### What you need to do
In the entries below, find the line with "To My Daughter In Law Dogtag" and the line with "Saltaire Brewery Beers, Shipley, Yorkshire, Blonde, South"; copy them and every line between them exactly, but not the pictures.

### Records provided
────────────────────────────────────────

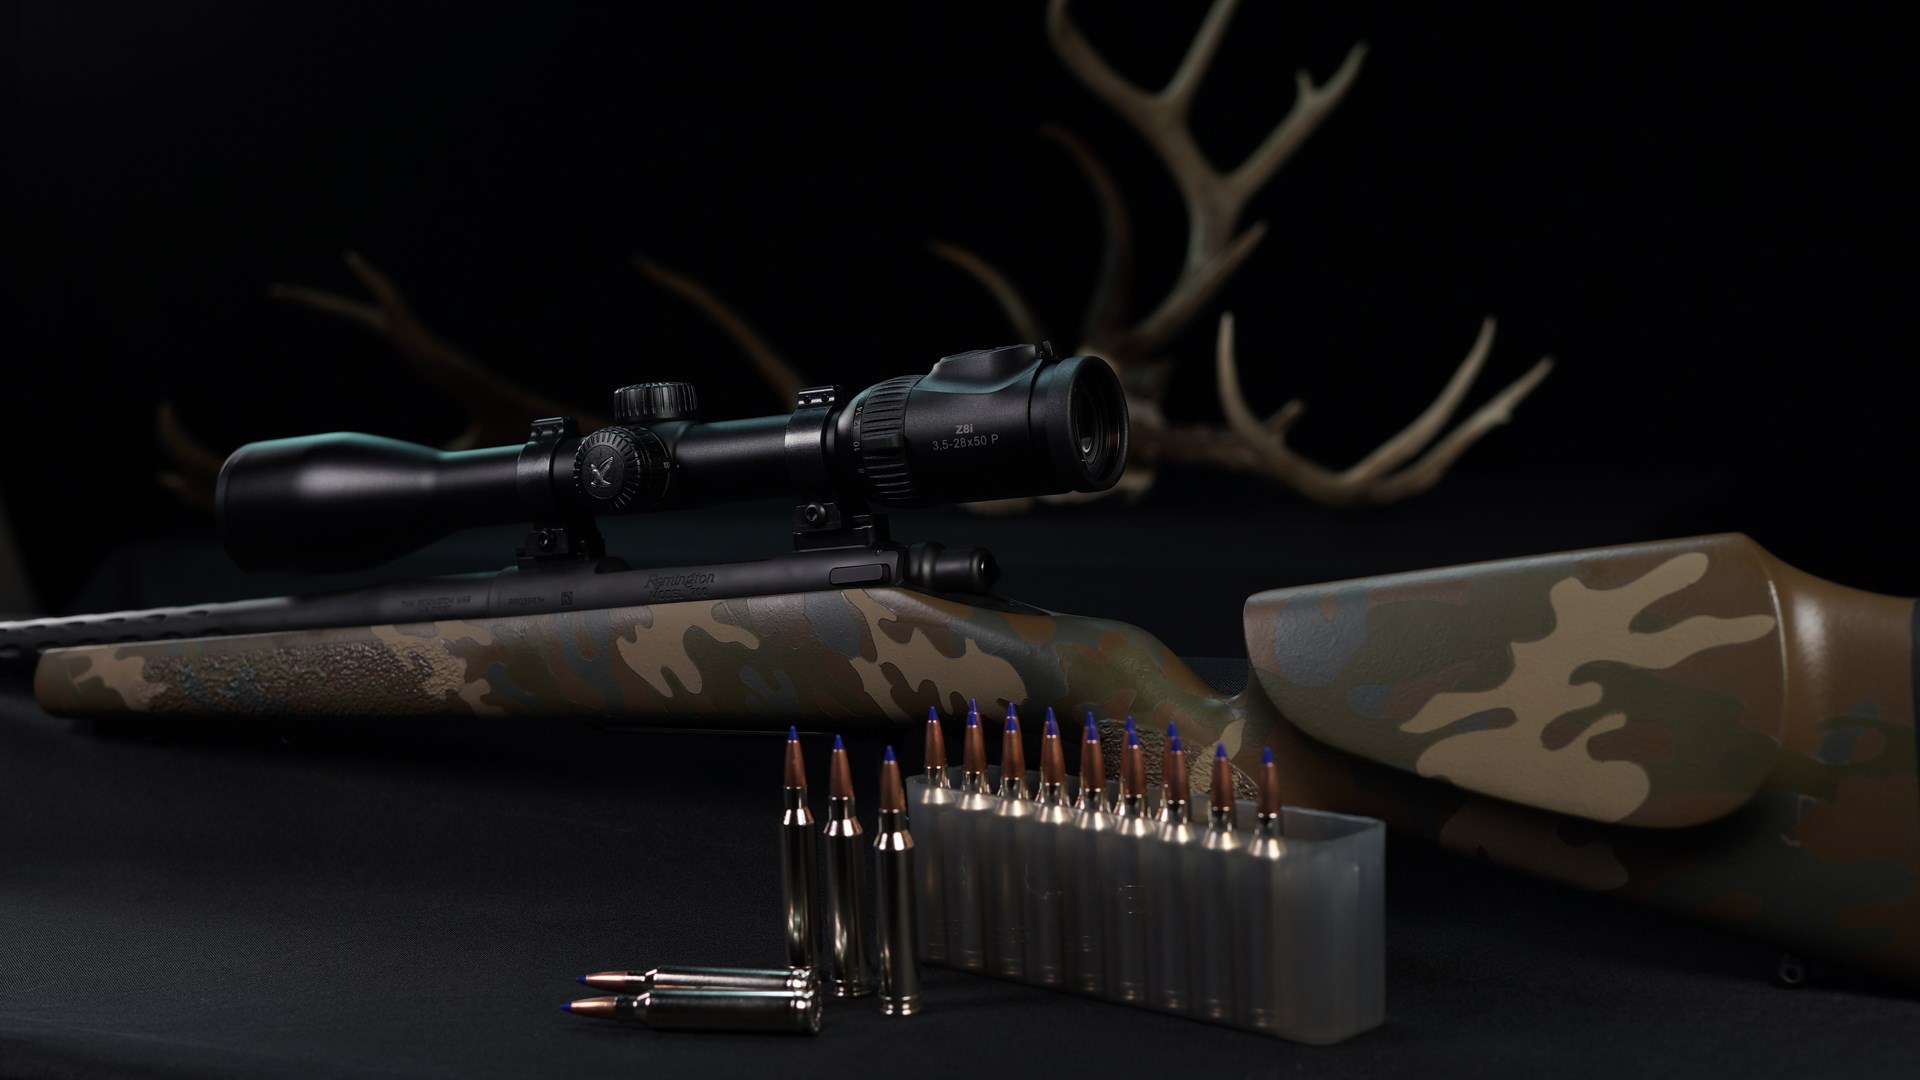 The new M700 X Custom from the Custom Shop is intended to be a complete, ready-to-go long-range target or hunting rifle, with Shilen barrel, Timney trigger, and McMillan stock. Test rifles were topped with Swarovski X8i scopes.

────────────────────────────────────────

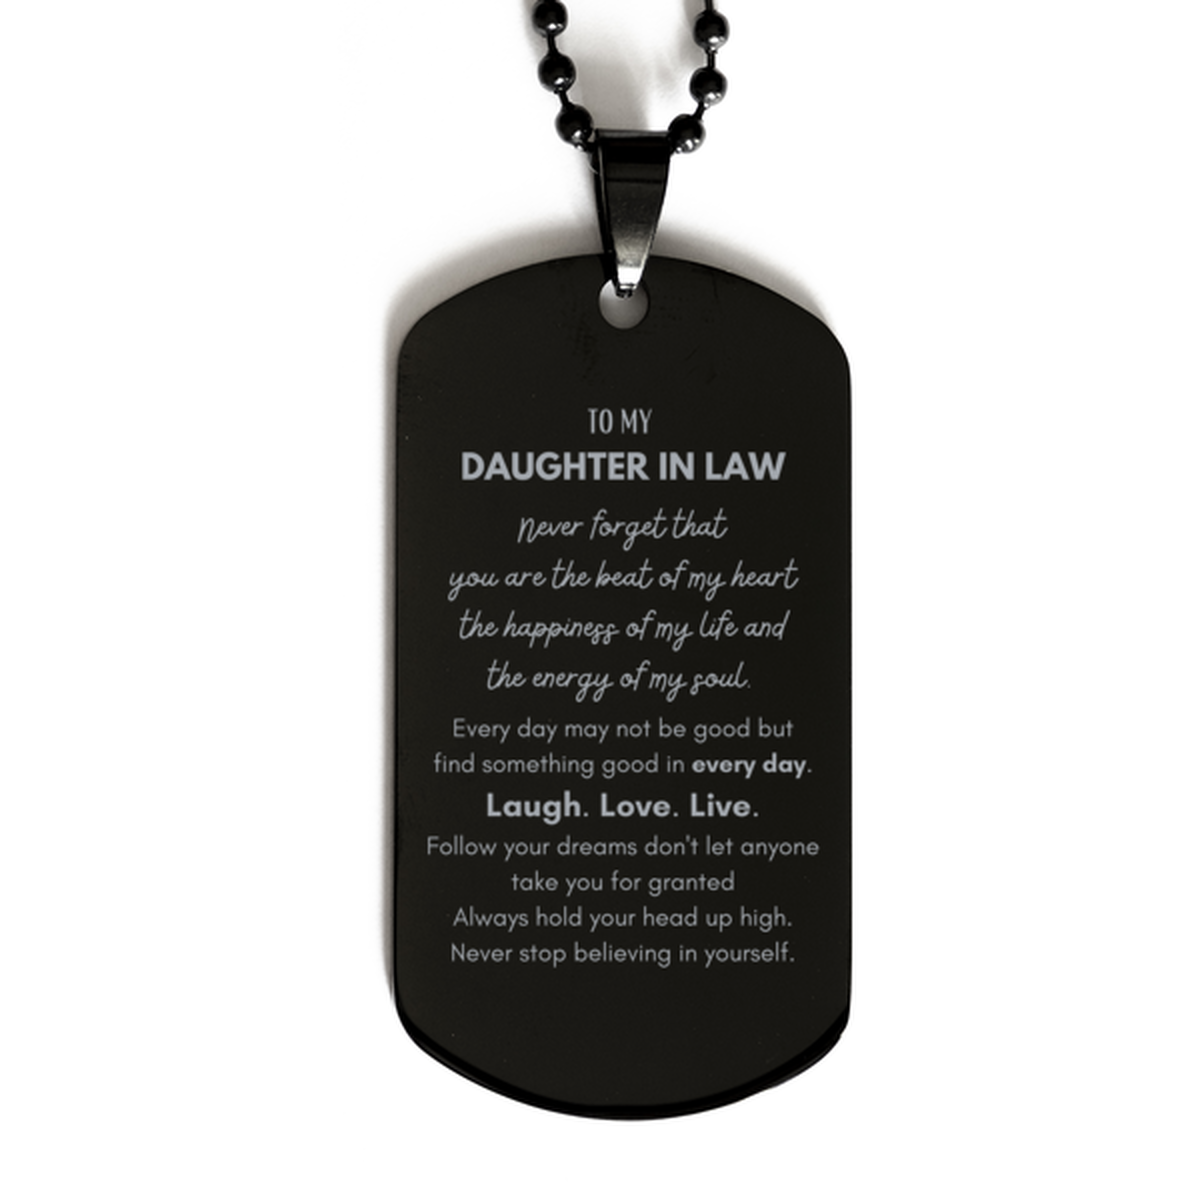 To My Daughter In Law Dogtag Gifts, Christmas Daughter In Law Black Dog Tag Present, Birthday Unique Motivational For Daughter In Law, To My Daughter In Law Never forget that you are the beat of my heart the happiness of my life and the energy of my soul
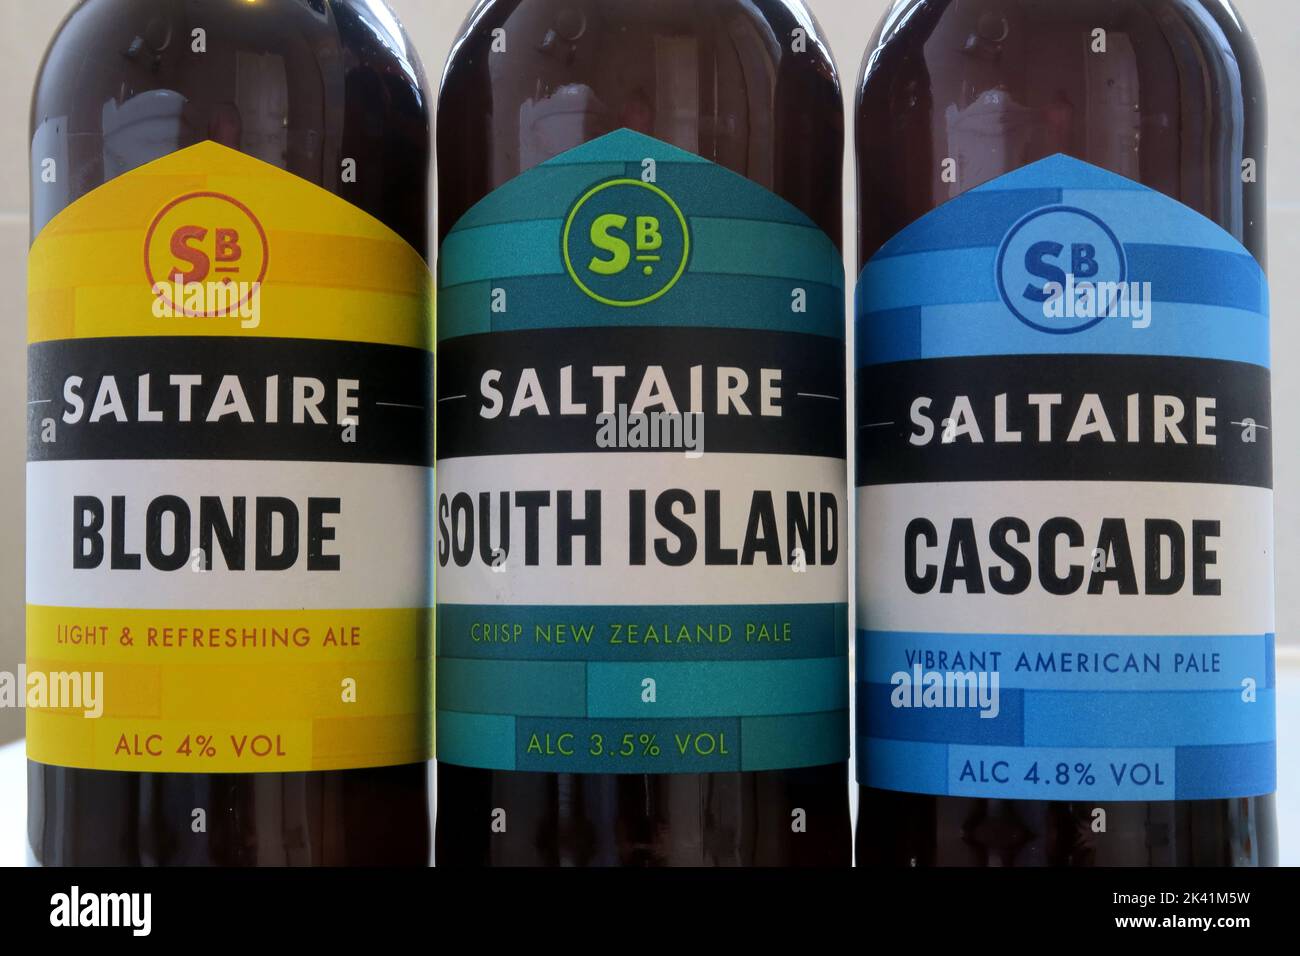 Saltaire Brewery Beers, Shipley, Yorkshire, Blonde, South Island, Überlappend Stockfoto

────────────────────────────────────────

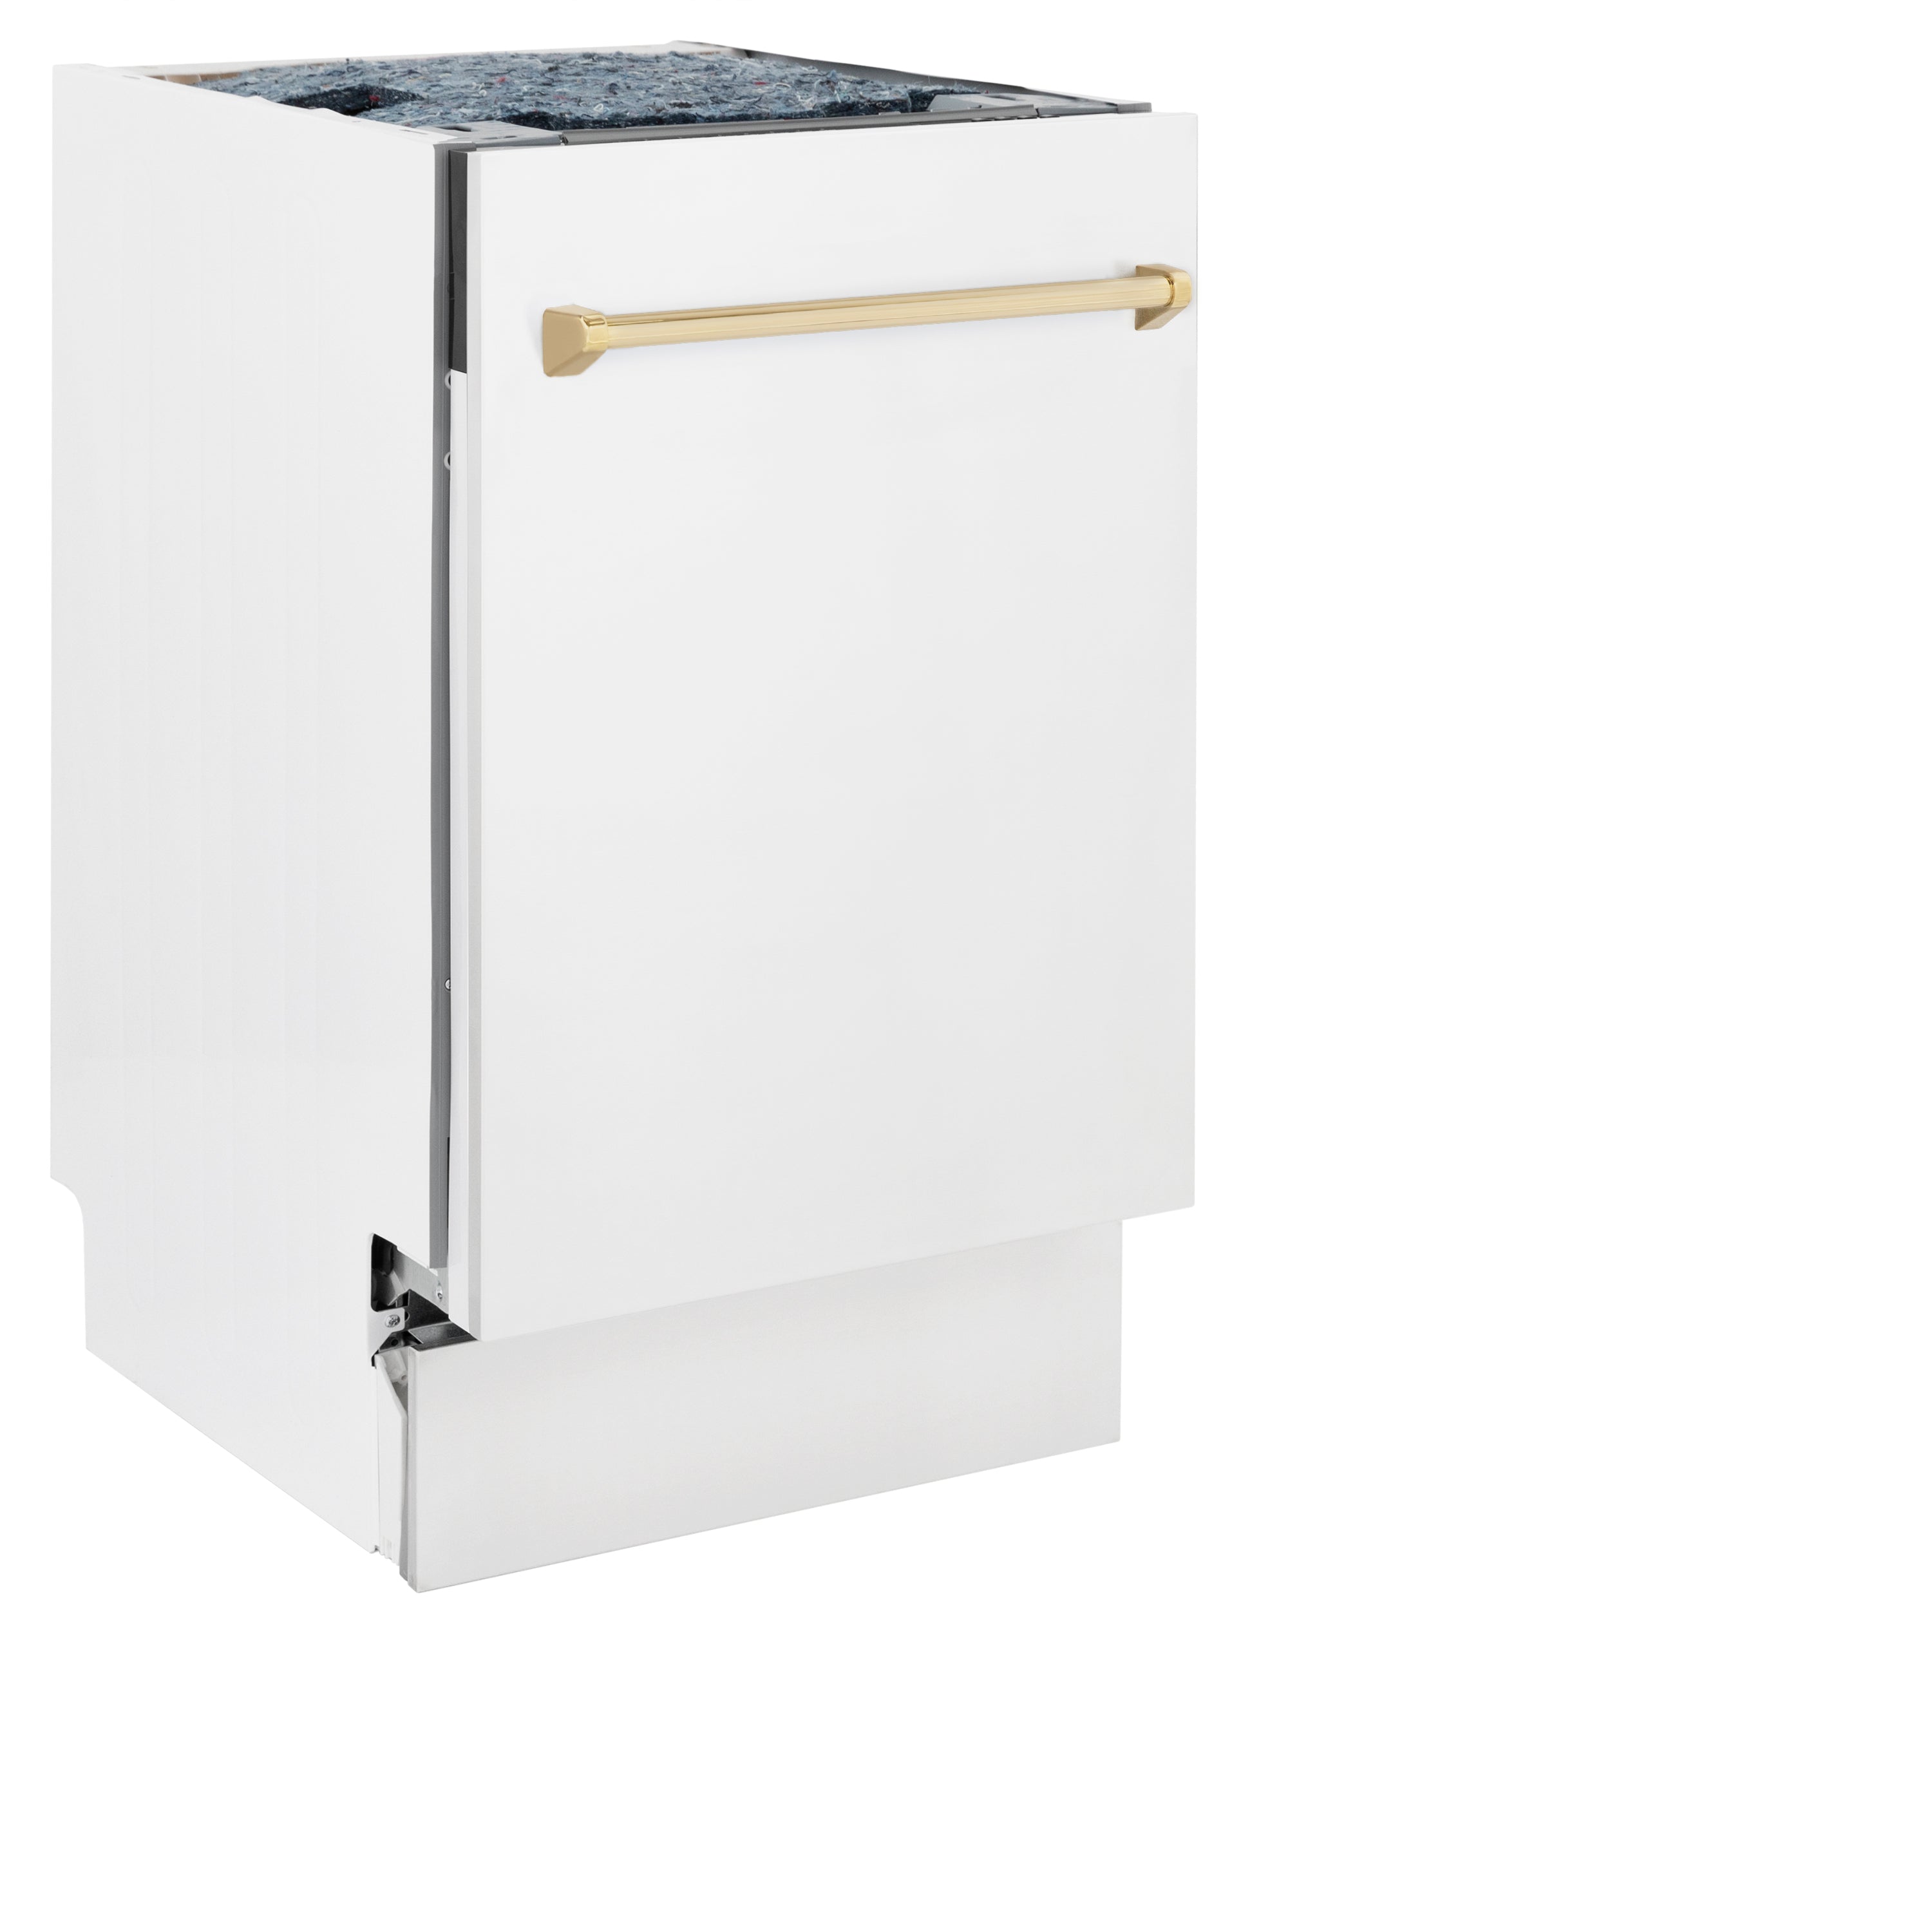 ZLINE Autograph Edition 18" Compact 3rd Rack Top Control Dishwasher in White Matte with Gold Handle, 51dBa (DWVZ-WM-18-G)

────────────────────────────────────────

### Response to the exercise
 To My Daughter In Law Dogtag Gifts, Christmas Daughter In Law Black Dog Tag Present, Birthday Unique Motivational For Daughter In Law, To My Daughter In Law Never forget that you are the beat of my heart the happiness of my life and the energy of my soul
 Saltaire Brewery Beers, Shipley, Yorkshire, Blonde, South Island, Überlappend Stockfoto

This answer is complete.